Modèle de performance et référentiel technique

Référentiel technique et évaluation
Extrait d'un article de S. Leblanc et J. Saury " Les conceptions de la technique dans le raisonnement pédagogique d'éducateurs sportifs en voile ", STAPS n° 44, décembre 1997


  1. La notion de conception se rattache aux travaux menés en didactique des sciences (pour une revue, voir Giordan et de Vecchi, 1987). Selon cette approche, chaque individu interprète les phénomènes naturels (physiques et biologiques), ou les concepts des disciplines scolaires, en faisant appel à un " déjà-là " conceptuel. Celui-ci se présente comme une structure sous-jacente, un modèle explicatif fonctionnel articulant des composants multiples de façon cohérente et signifiante. Ces conceptions sont personnelles et souvent peu explicites, mais susceptibles d'être socialement partagées, de sorte que l'on puisse repérer au sein d'un groupe des catégories relativement limitées de conceptions relatives à un même objet.
    Dans le cadre de l'enseignement sportif, les contenus d'enseignement ne se définissent pas en référence à des concepts, mais à des techniques sportives. Ainsi, confronté à l'observation d'un pratiquant engagé dans une tâche motrice, chaque éducateur sportif mobiliserait plus ou moins explicitement une conception de la technique, c'est-à-dire un modèle conceptuel relatif à l'habileté considérée. Cette hypothèse est accréditée par Genet-Volet et Godbout (1992), qui ont analysé les représentations de l'habileté à se démarquer en sports collectifs chez des éducateurs sportifs canadiens. Leur étude fait apparaître trois modèles ou " produits-normes " du démarquage, que les auteurs assimilent à des référentiels mobilisés par les éducateurs physiques lorsqu'ils observent et évaluent les performances des élèves. Une étude récente de Gal et Durand (soumis) montre que des enseignants d'éducation physique non spécialistes et spécialistes de natation ont des conceptions différentes de la technique du virage en crawl les premiers considérant cette technique comme un " produit " (mouvements à réaliser en référence aux meilleurs nageurs), le seconds comme un " processus " d'adaptation individuel (visant la recherche du meilleur compromis vitesse-économie). Tout en utilisant une méthode différente la présente étude poursuit une visée analogue : il s'agit de décrire les conceptions de la technique des éducateurs sportifs en faisant apparaître les différents élément pris en compte, et de les analyser dans leu cohérence globale. Ne disposant pas de résultats d'études antérieurs susceptibles de permettre de formuler des hypothèses précises relatives à ces conceptions en voile, il est toutefois possible de se référer à une typologie issue d'une analyse a priori (Leblanc, 1995 ; Saury, 1994). Celle-ci distingue quatre conceptions, appréhendant respectivement la technique comme :
      1. étroitement déterminée par les principes mécaniques de fonctionnement du bateau,
      2. définie par les comportements des régatiers de haut niveau,
      3. résultant de la combinaison optimale de thèmes fonctionnels fondamentaux : équilibre, direction, propulsion,
      4. relevant de stratégies individuelles d'optimisation des interactions régatier -bateau - environnement.

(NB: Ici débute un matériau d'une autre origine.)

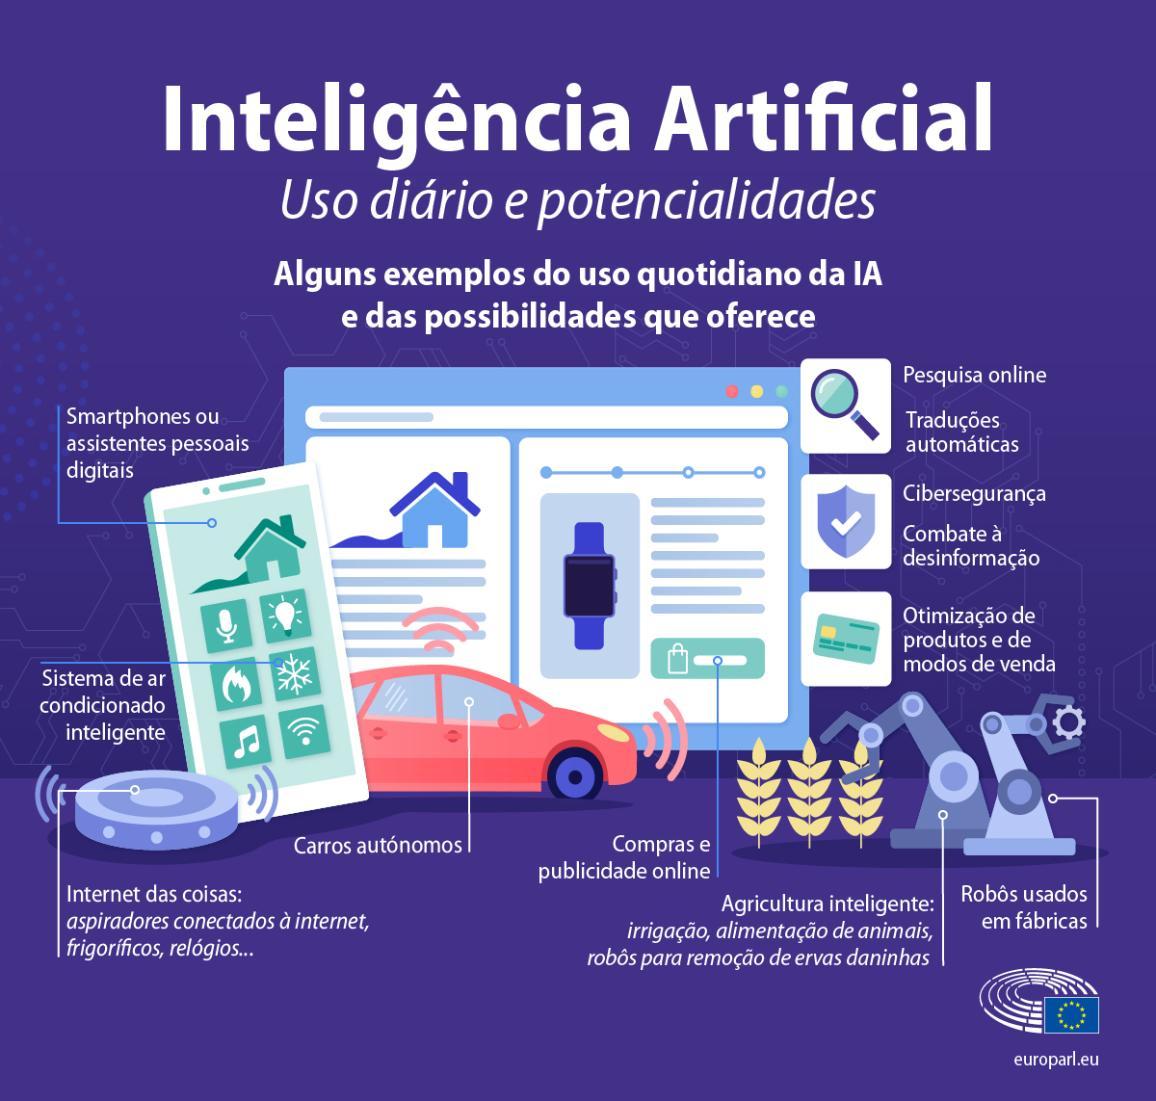 Uma infografia com exemplos do uso quotidiano da inteligência artificial
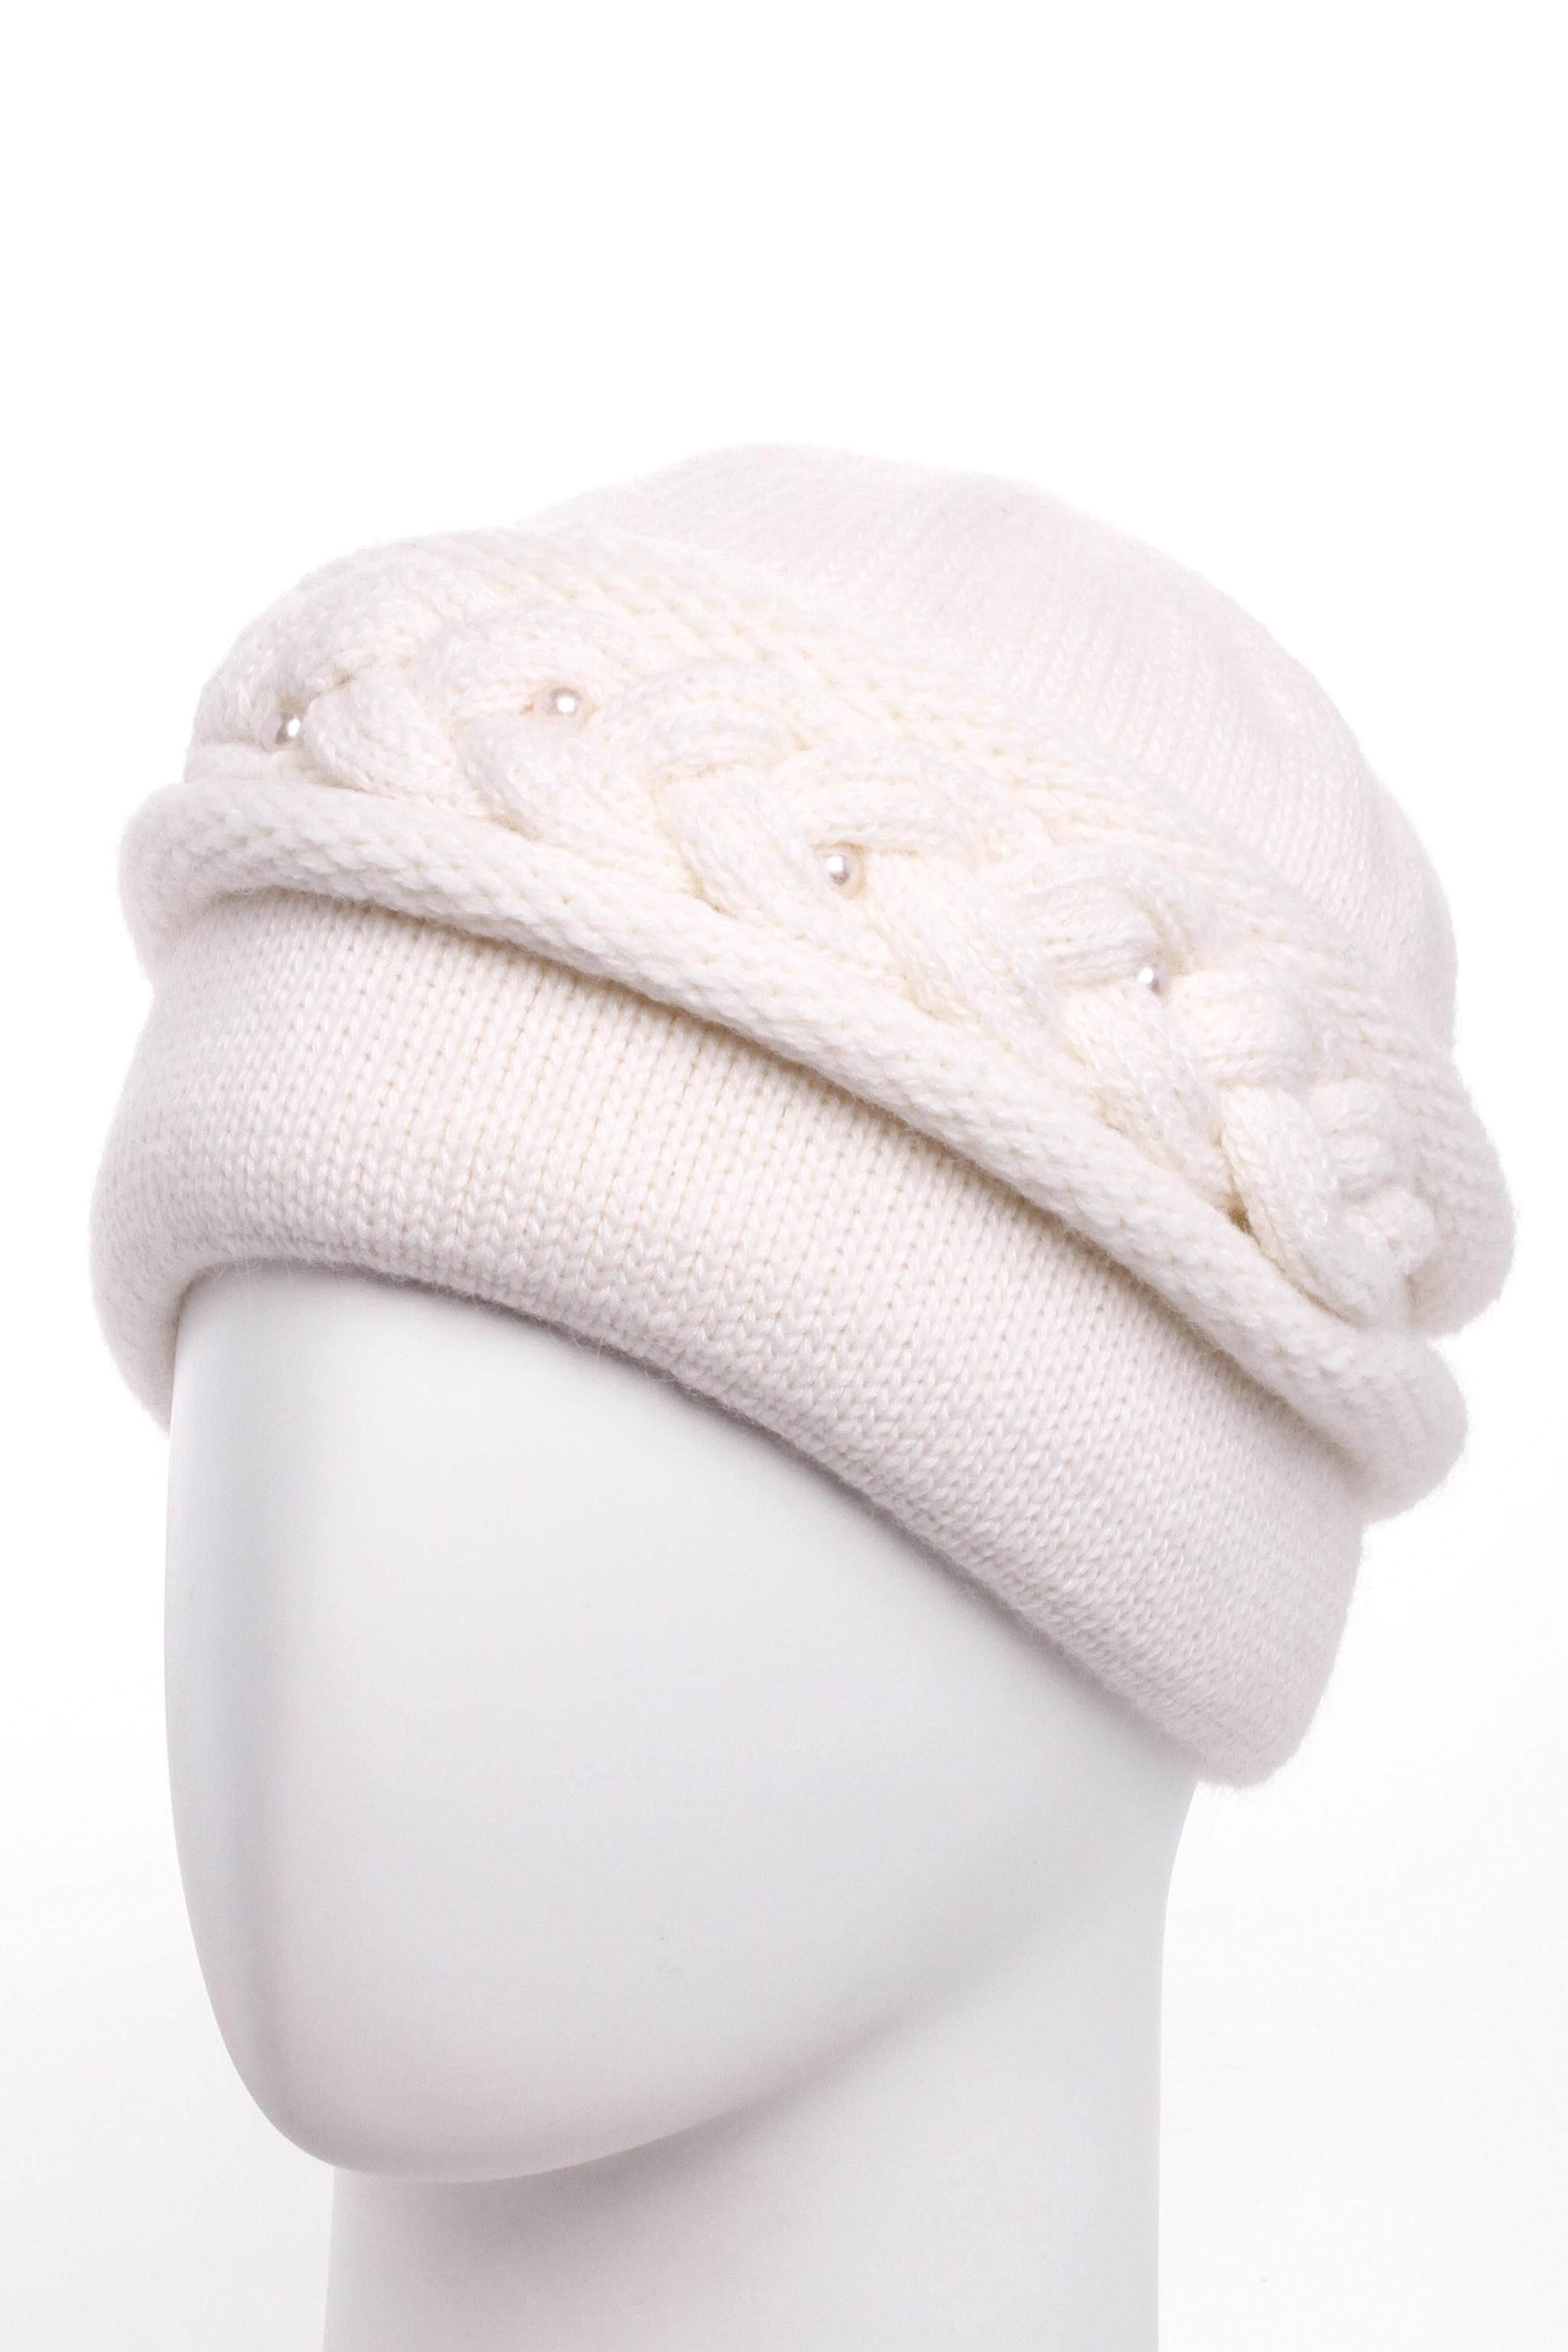 ШапкаШапки<br>Красивая шапка подарит Вам тепло и комфорт.  Стильный аксессуар защитит Вас от непогоды и станет прекрасным дополнением Вашего образа.  Цвет: белый<br><br>По материалу: Вязаные,Трикотаж<br>По рисунку: Однотонные<br>По элементам: С декором<br>По сезону: Зима<br>Размер : universal<br>Материал: Вязаное полотно<br>Количество в наличии: 1
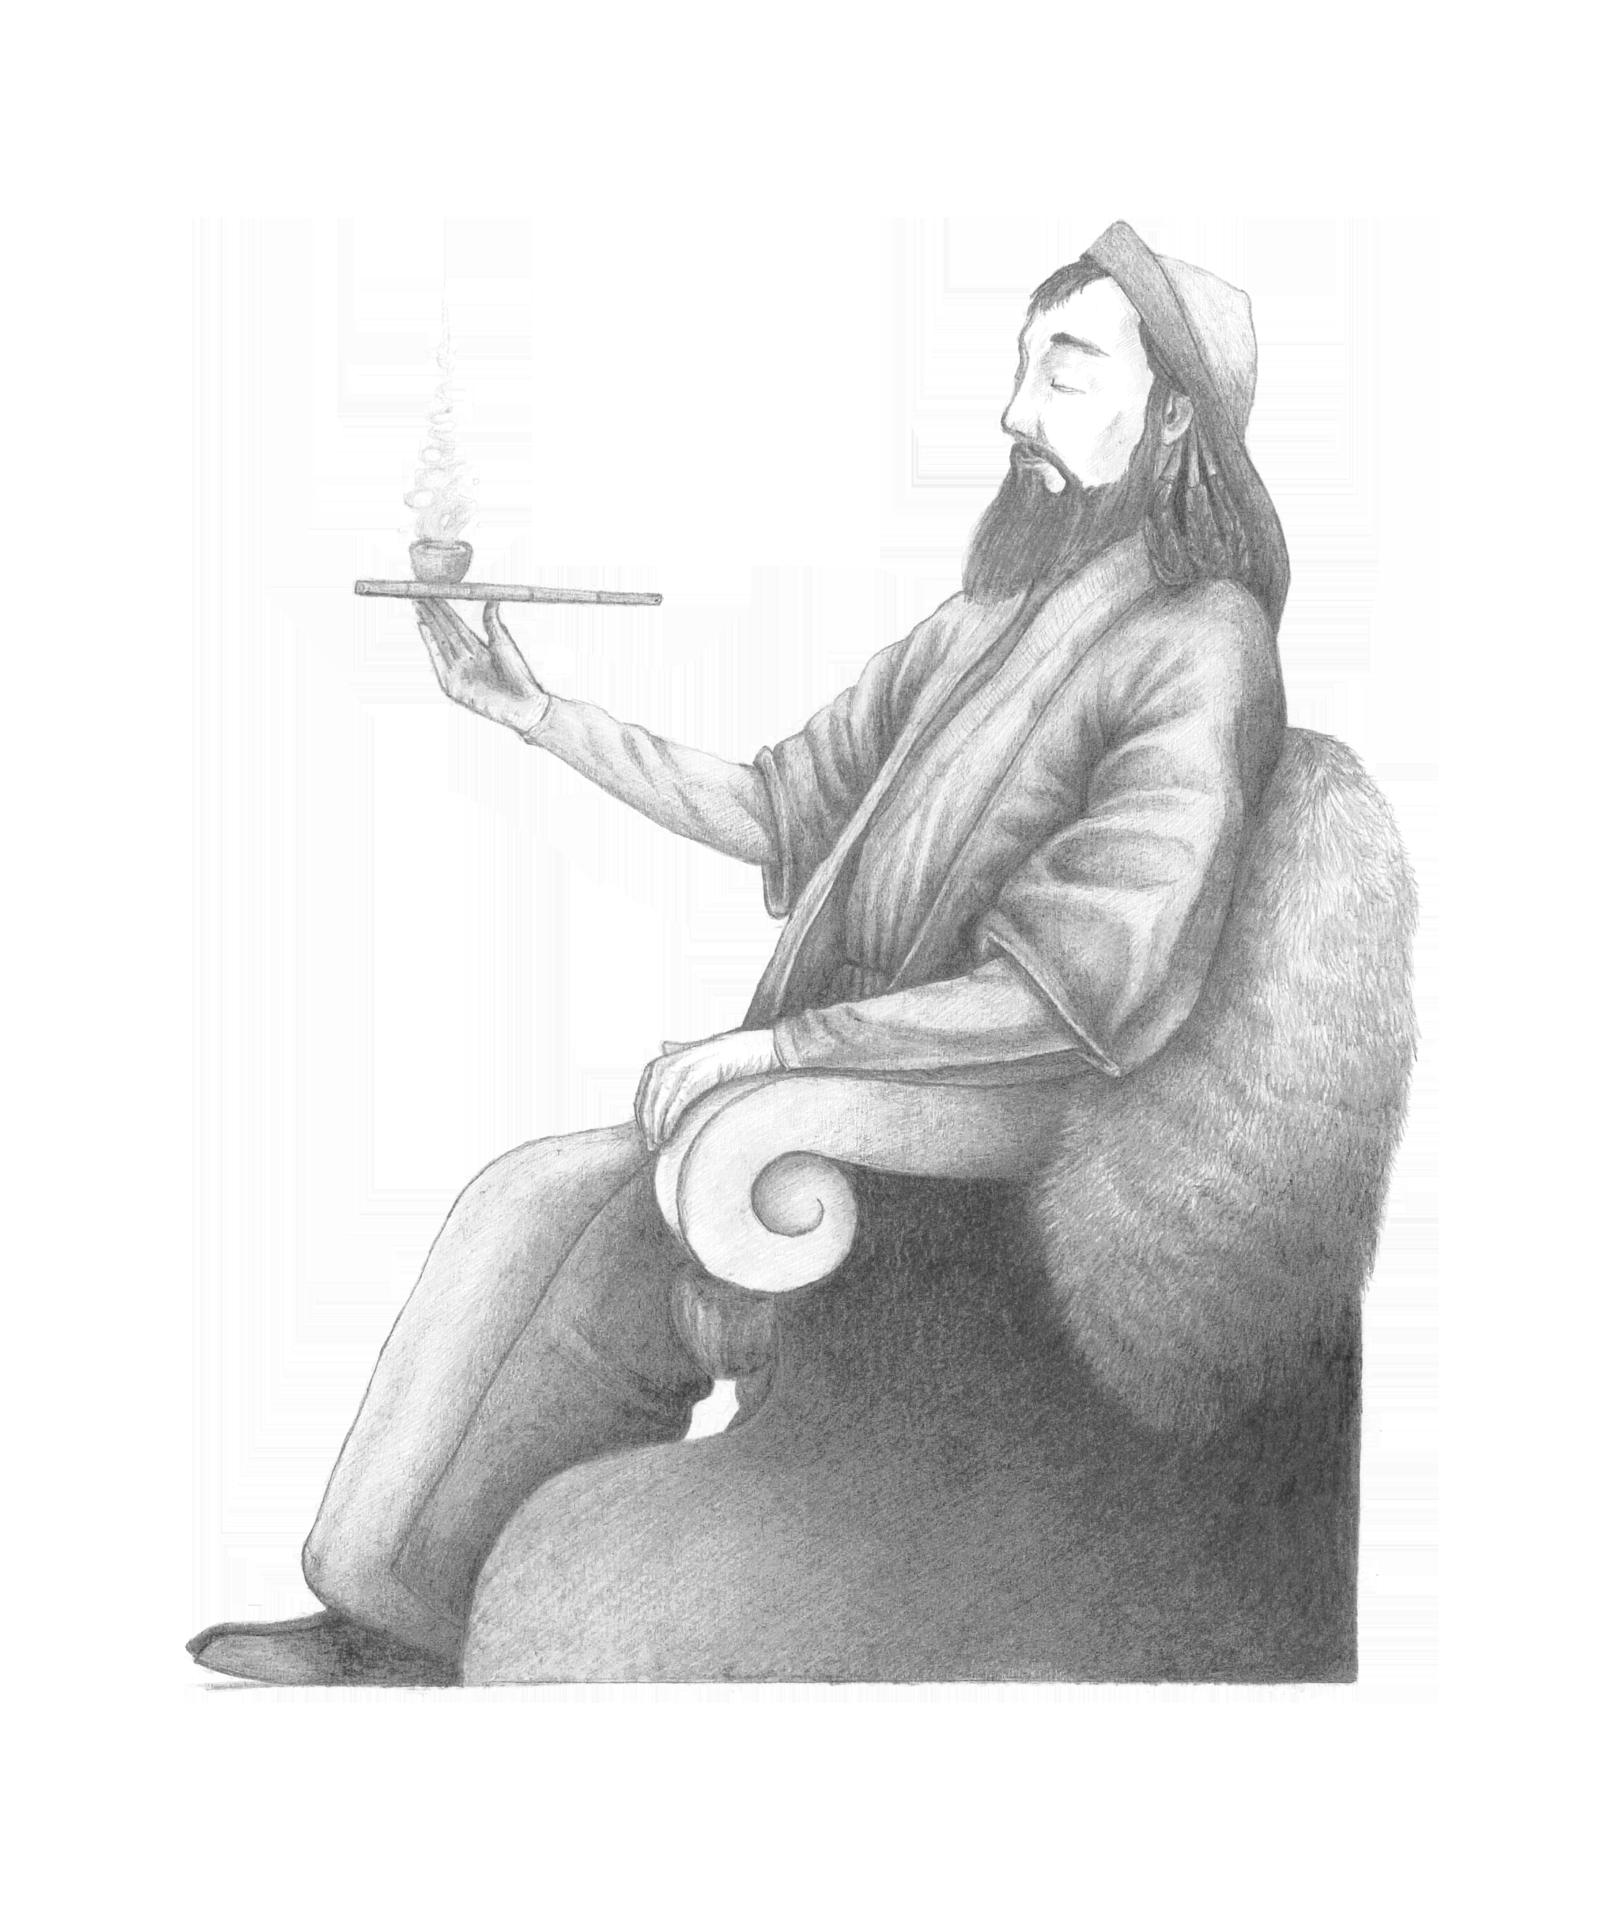 kublai-khan

Rapprochées de modèles généraux relatifs aux habiletés motrices, ces conceptions peuvent se différencier selon deux axes. Sur le premier, elles accordent un primat soit aux dimensions manifestes de l'activité du pratiquant, soit à ses dimensions sous-jacentes (Famose, 1990). Sur le second, elles accordent un primat soit aux contraintes externes pesant sur l'activité, soit à sa dynamique interne et à ses propriétés d'auto-organisation (Higgins, 1985).